There are all these small to medium sized research companies. They tend to have maybe a single piece of intellectual property in the biopharma space. So they have 40, 50 employees and they'll have 10 people that we categorize as being policy. And so percentage wise, they're way off the map in terms of like investing in policy.
And when you look at what those people do, man, like manually, we went down a crazy rabbit hole reading up on these people. It's very hard to figure out whether they should count as policy or not by the letter of the words of what they do. They kind of like liaise with the FDA to manage compliance with these clinical trials.
And so that kind of makes me lean towards thinking we shouldn't count them. To the extent they're kind of like following a prescribed set of procedures for getting a drug approved, that's not really the same as what we're talking about. But then you look into it more and it turns out like, you know, like these trials are actually really complicated and there's a lot of judgment calls and a big part of their job is persuading the FDA that this should be approved.
It starts to sound more like. And if you read kind of the job listings, it talks a lot about monitoring the global pharmaceutical policy environment. And so that was one where we're nervous. Our general instinct is to be conservative, exclude anyone we think is doing straightforward compliance work.

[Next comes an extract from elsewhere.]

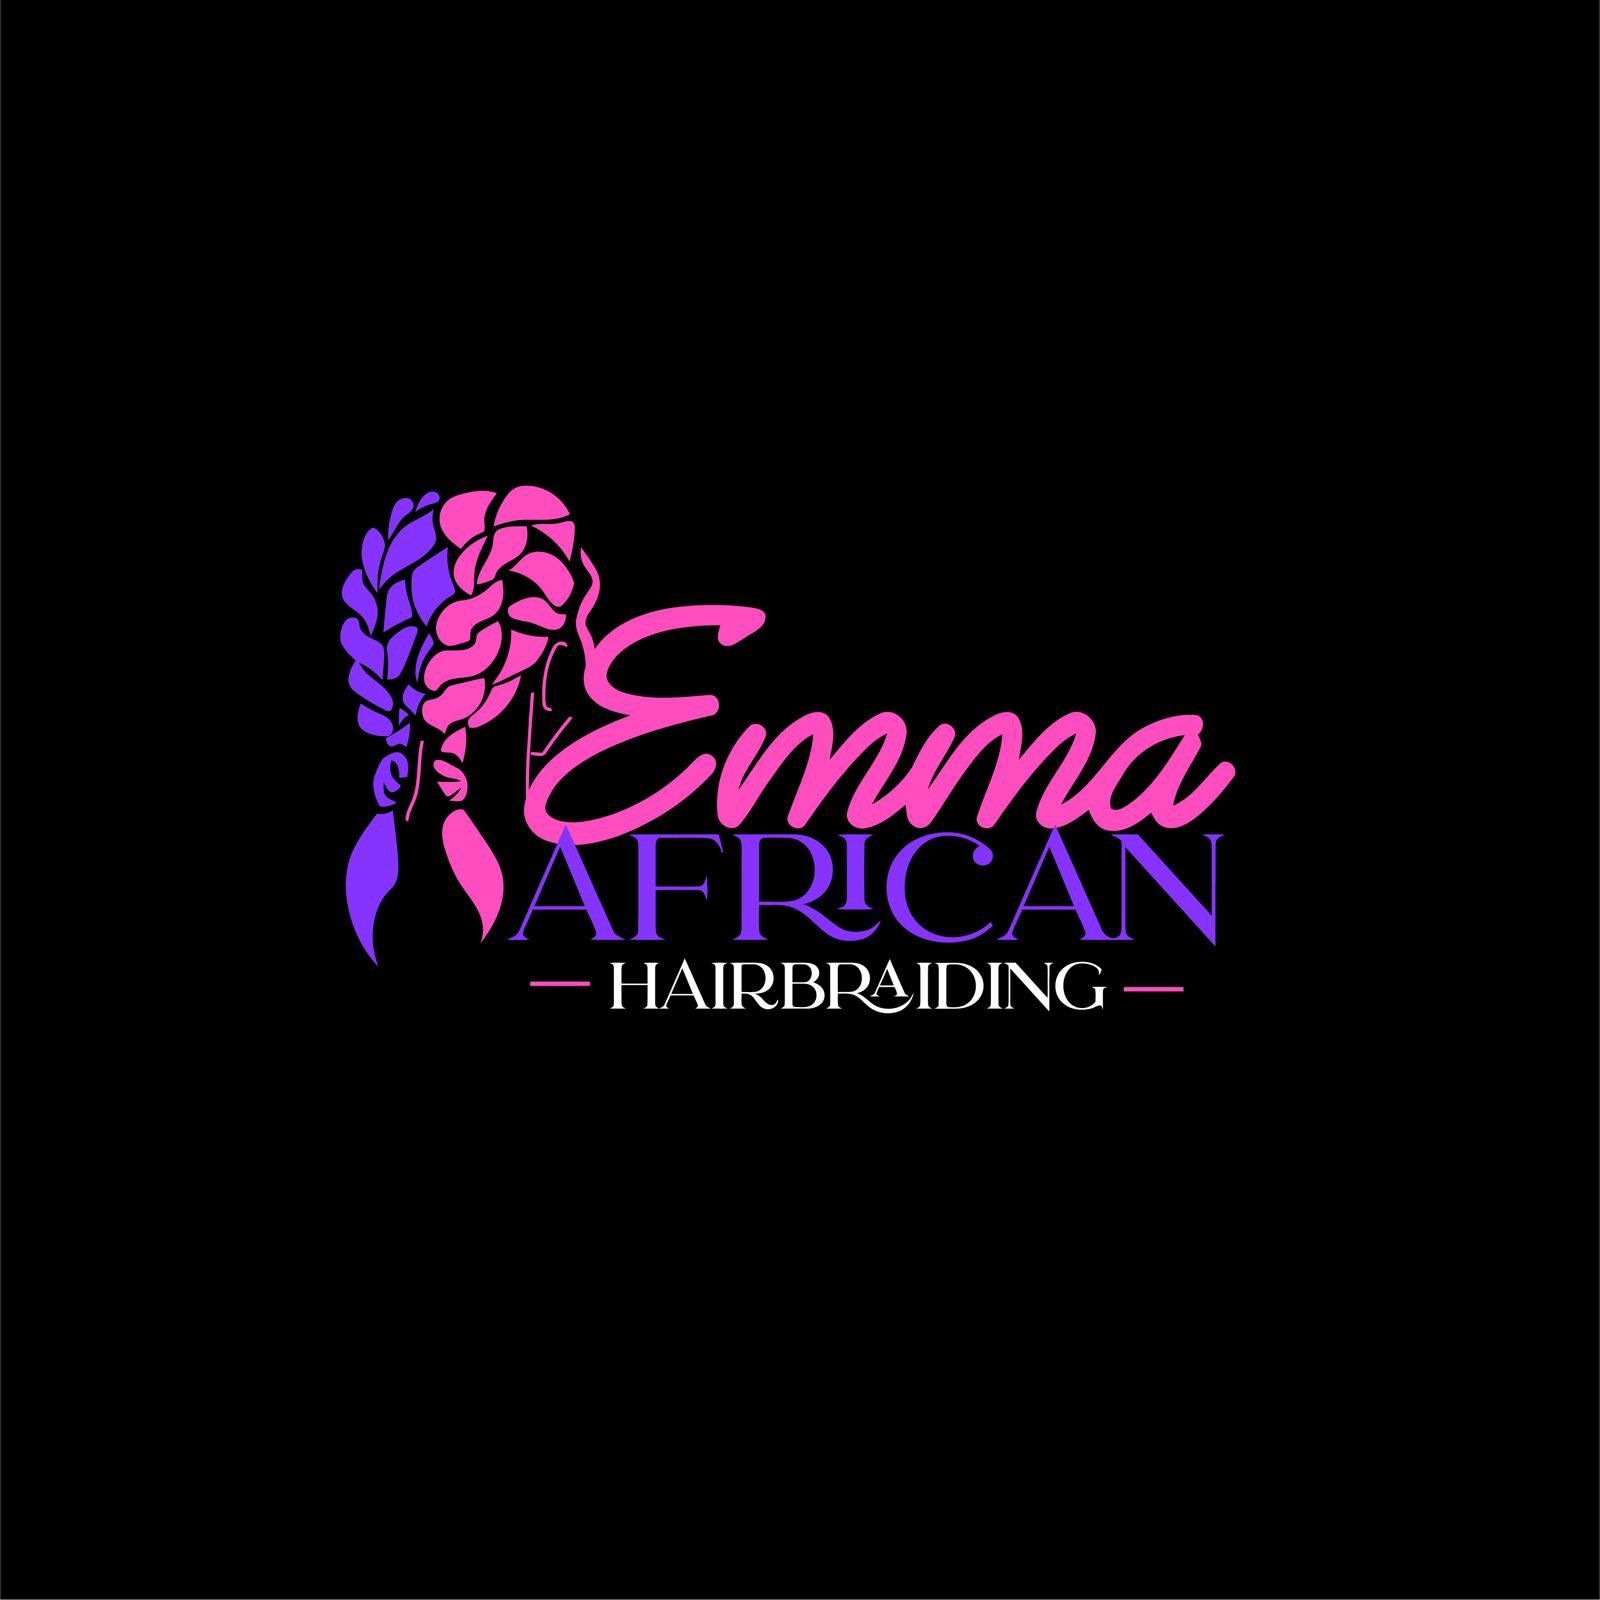 Emma African Hairbraid, 105 Vulcan Rd, #226, Birmingham, 35209

But I think it's definitely gonna be one of the enduring challenges of this project is figuring out where to draw the line on those people. And pharma turns out to be one place where that's particularly difficult.
>> Erin Baggott Carter: Fantastic, well, sadly, we are out of time for the formal proceedings.

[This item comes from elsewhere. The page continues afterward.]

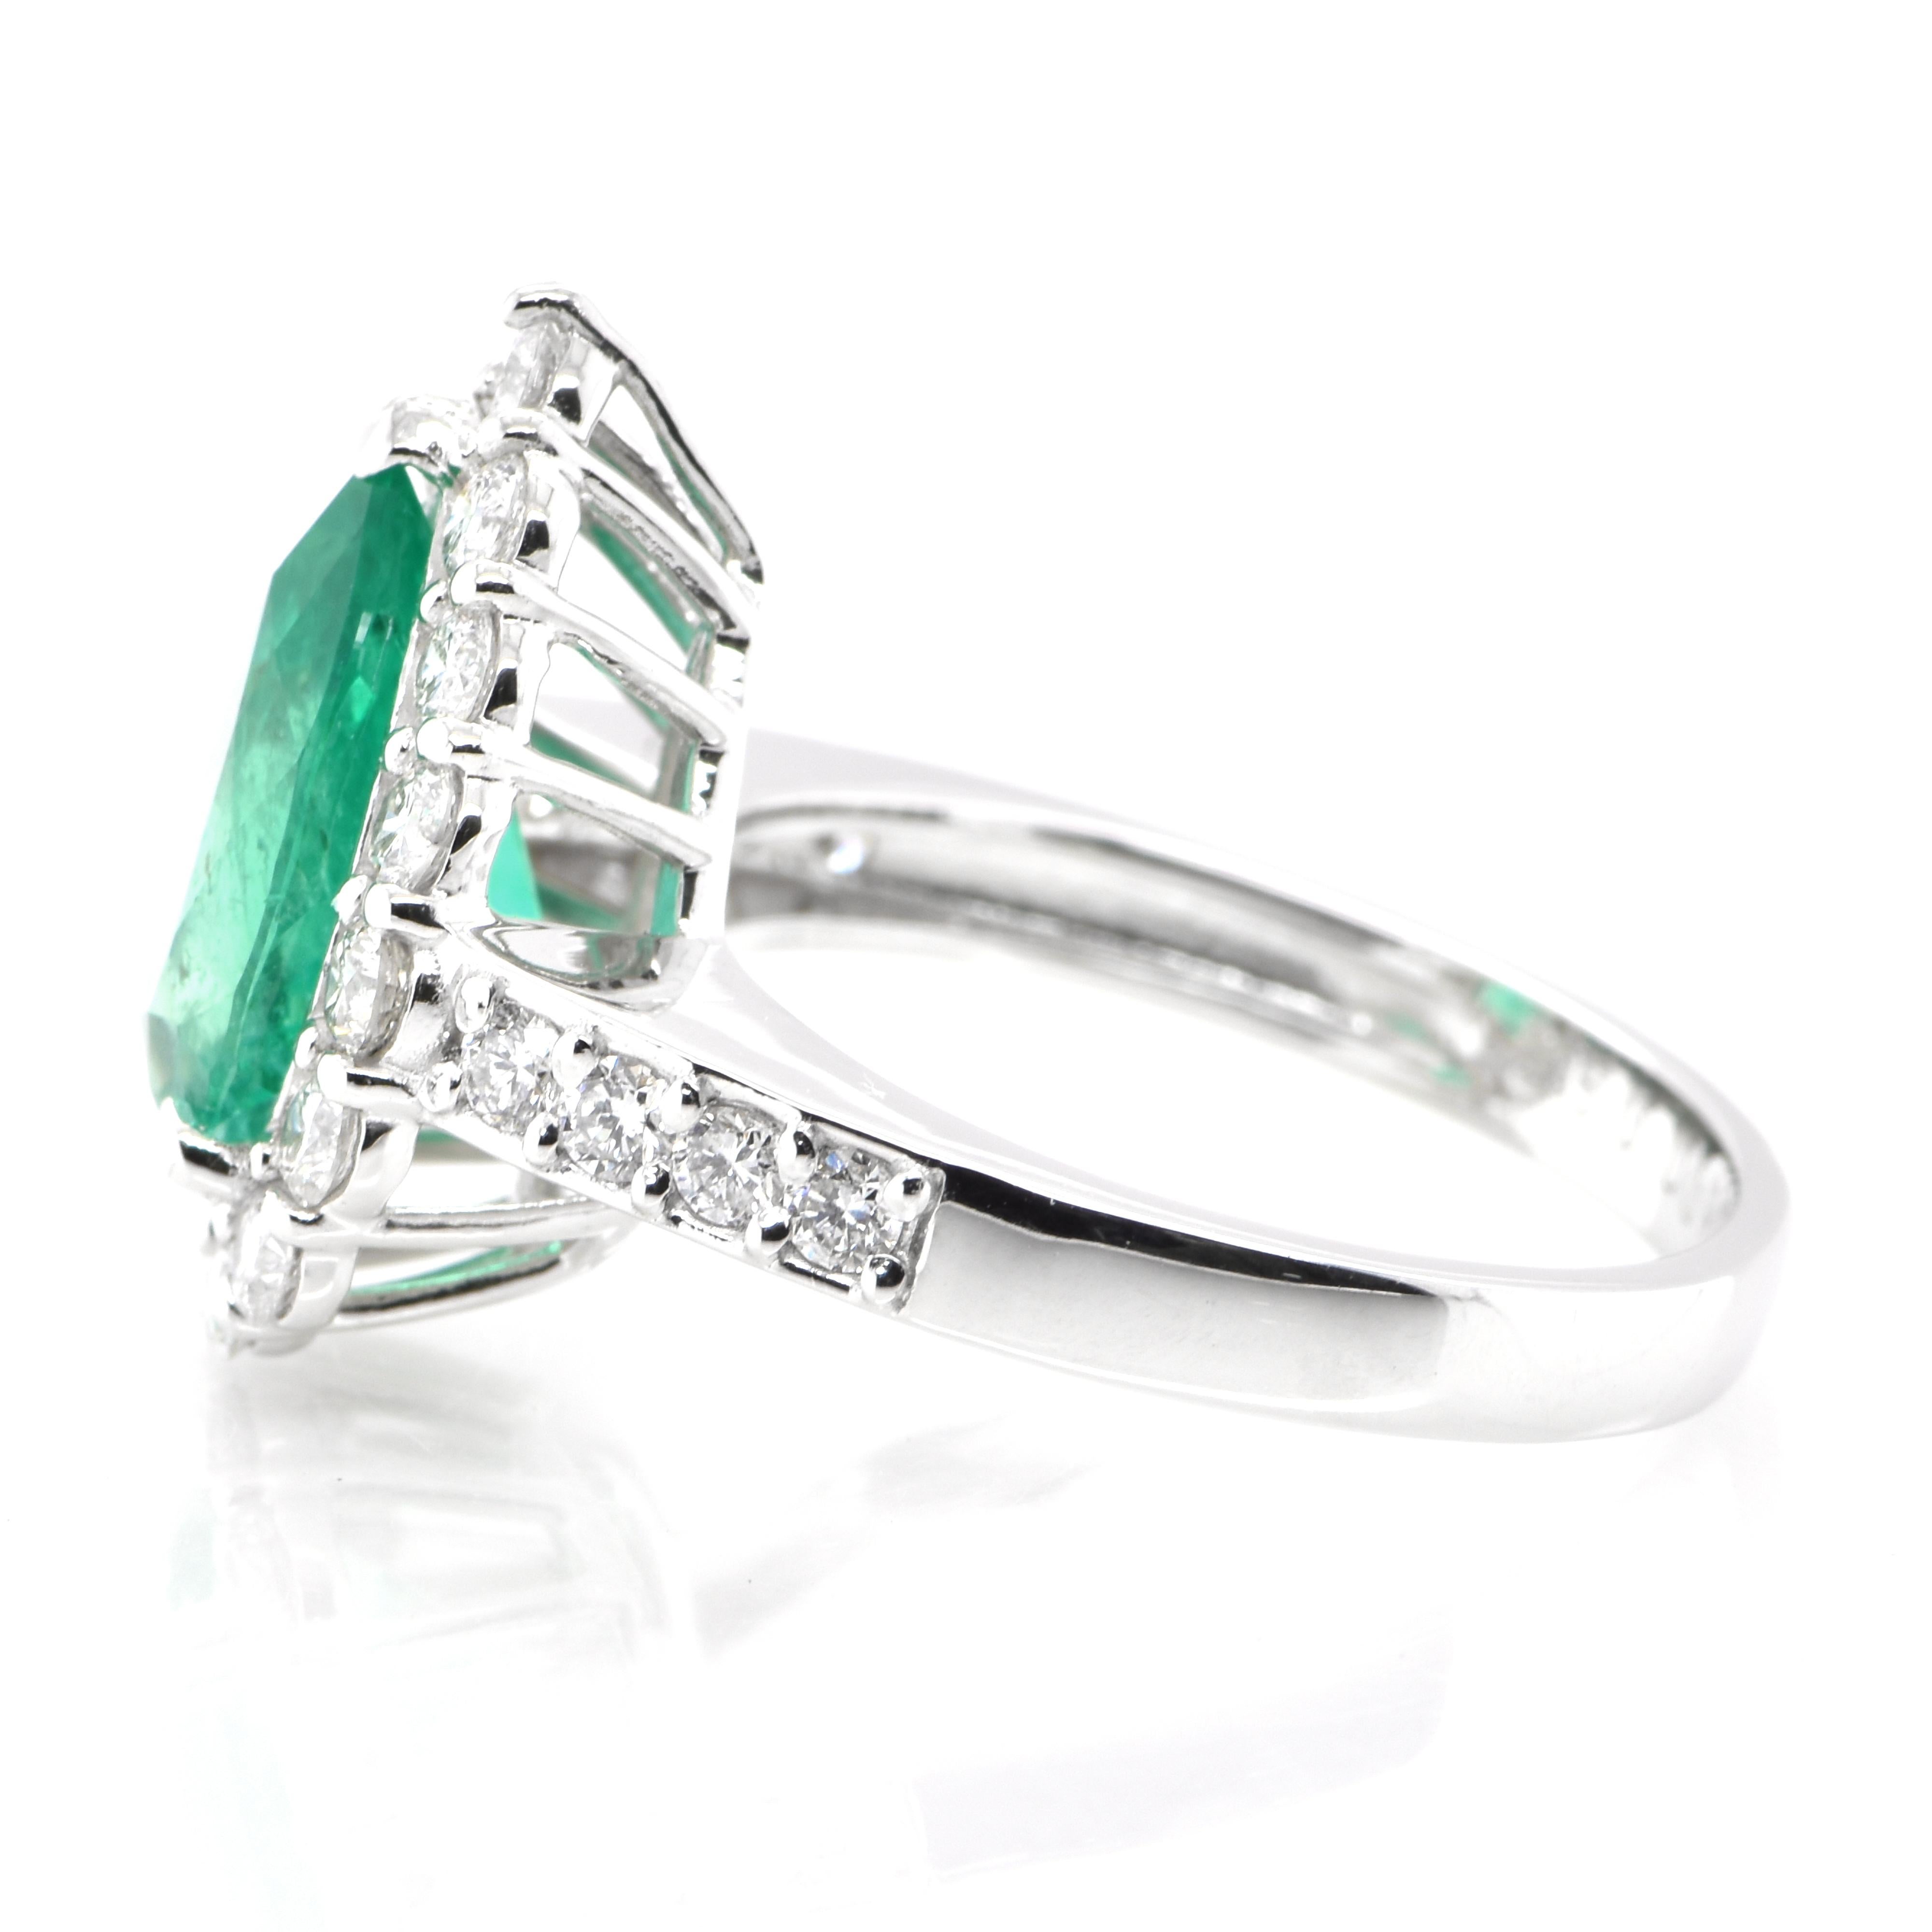 Pear Cut 2.50 Carat Natural Pear-Cut Emerald and Diamond Ring Set in Platinum

We still have a few really excellent questions. So Brett and Mefedia, and Tara, I hope you can all stick around after we turn off the recording. Andy, thank you for an absolutely fascinating conversation and a really promising project. Keen to see where this goes, thank you. And thank you all.
>> Steven Davis: Thank you.
>> Erin Baggott Carter: For the Hoover Institution, their text to data analysis workshop in policy, thank you.
ABOUT THE SPEAKERS
Andrew B. Hall is the Davies Family Professor of Political Economy at the Stanford Graduate School of Business and a Senior Fellow at the Hoover Institution. Hall’s research team uses large-scale quantitative data and cutting-edge methods from econometrics, statistics, and computer science to study American democracy and the design of democratic systems of governance in the online and offline worlds. Hall serves as an advisor to Meta Platforms, Inc and the a16z crypto research group.
Steven J. Davis is the Thomas W. and Susan B. Ford Senior Fellow at the Hoover Institution and Senior Fellow at the Stanford Institute for Economic Policy Research. He studies business dynamics, labor markets, and public policy. He advises the U.S. Congressional Budget Office and the Federal Reserve Bank of Atlanta, co-organizes the Asian Monetary Policy Forum and is co-creator of the Economic Policy Uncertainty Indices, the Survey of Business Uncertainty, and the Survey of Working Arrangements and Attitudes. Davis hosts “Economics, Applied,” a podcast series sponsored by the Hoover Institution.
Erin Baggott Carter is a Hoover Fellow at the Hoover Institution at Stanford University. She is also an assistant professor in the Department of Political Science and International Relations at the University of Southern California, a faculty affiliate at the Center on Democracy, Development and the Rule of Law (CDDRL) at Stanford University’s Freeman Spogli Institute, and a nonresident scholar at the 21st Century China Center at UC San Diego. She has previously held fellowships at the CDDRL and Stanford’s Center for International Security and Cooperation. She received a PhD in political science from Harvard University.